Fewer Liberals In British Poll
(A Z.P.A. Reuter—Copyright) LONDON, March 14. Nominations opened today for the March 31 British General Election in which more than 1600 candidates will be fighting for 630 seats in the House of Commons. At the last elections 1757 contested the poll. The record of 1868 was set in 1950. The drop in candidates is because of fewer Liberals in the contest.

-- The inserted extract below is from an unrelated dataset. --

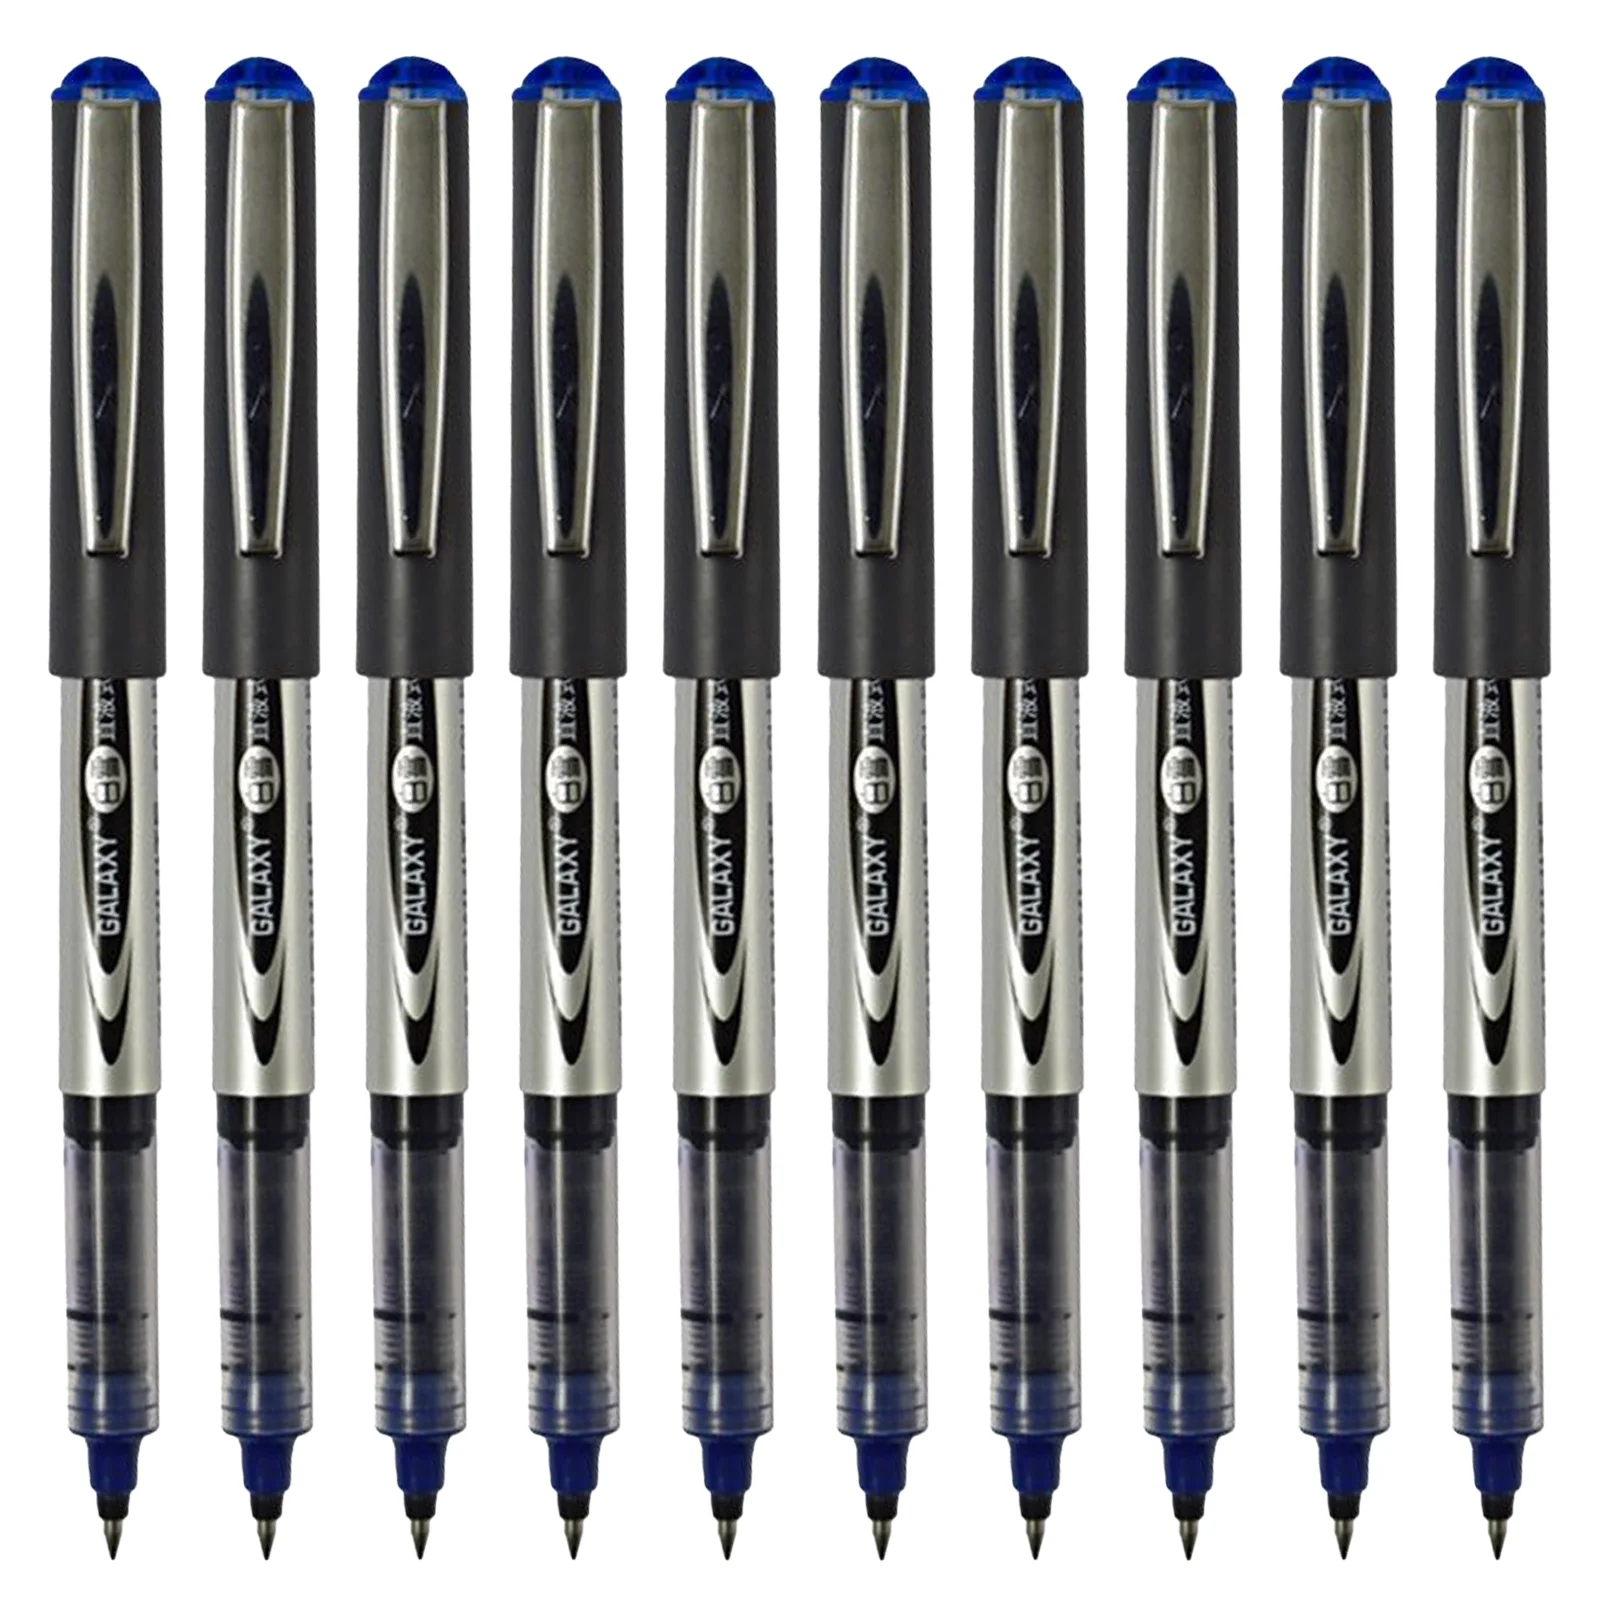 

10pcs 0.5mm Home Ballpoint Pen Office School Taking Notes Executive Smooth Quick Drying No Leakage Business Anti Drop Liquid Ink

The Liberal leader, Mr Jo Grimond, yesterday forecast that in spite of the drop his party would poll more than the 3,000,000 votes they won in the 1961 contest. The Liberals had 10 seats in the Parliament dissolved last week. “I feel considerable confidence about our showing at the election,” Mr Grimond told a press conference. “I do not believe that most people want to go back to Tory Government, and also have very little enthusiasm for Labour.” The Prime Minister, Mr Harold Wilson, told a Labour Party rally at York, Yorkshire, last night that he was not going to reply to Conservative “name-calling” in his election campaign. The Conservatives, he said, were name calling because they had no policy to put forward. “We believe in playing the ball and not the man,” the Prime Minister said. ‘Noose’ Trial The Conservative leader, Mr Edward Heath, returned to the Cowley “noose” trial in a press conference at his London home. At a “court” of unionists in the Cowley, Oxfordshire, factory of the British Motor Corporation several workers who did not support an unofficial strike were fined last week by their co-workers sitting in a “trial” at which a noose was suspended from the ceiling. The Conservatives would clean up the situation, said Mr Heath. They were the only party to propose laws to do so. The Conservatives wanted a Government-appointed registrar of trade unions, Gov-ernment-approved union laws, and industrial courts to act if the union laws were broken. Workers would be able to go to the courts if they were locked out and the employers would be able to seek court action against unofficial strikes and restrictive practices. At the Labour rally in York the local candidate, Mr
Alex Lyon, described the scare over the noose trial as a “political gimmick.” Commenting on suggestions that the men responsible should be prosecuted he said: “How are you going to prosecute 300 men and send them all to prison?” What was wrong at Cowley was the wrong attitude of the men working there. The only way to change the attitude was by a carefully-considered approach, which was what the Government was trying to do. Mr Wilson told the rally that the Conservatives could not carry out their promised programme of more houses.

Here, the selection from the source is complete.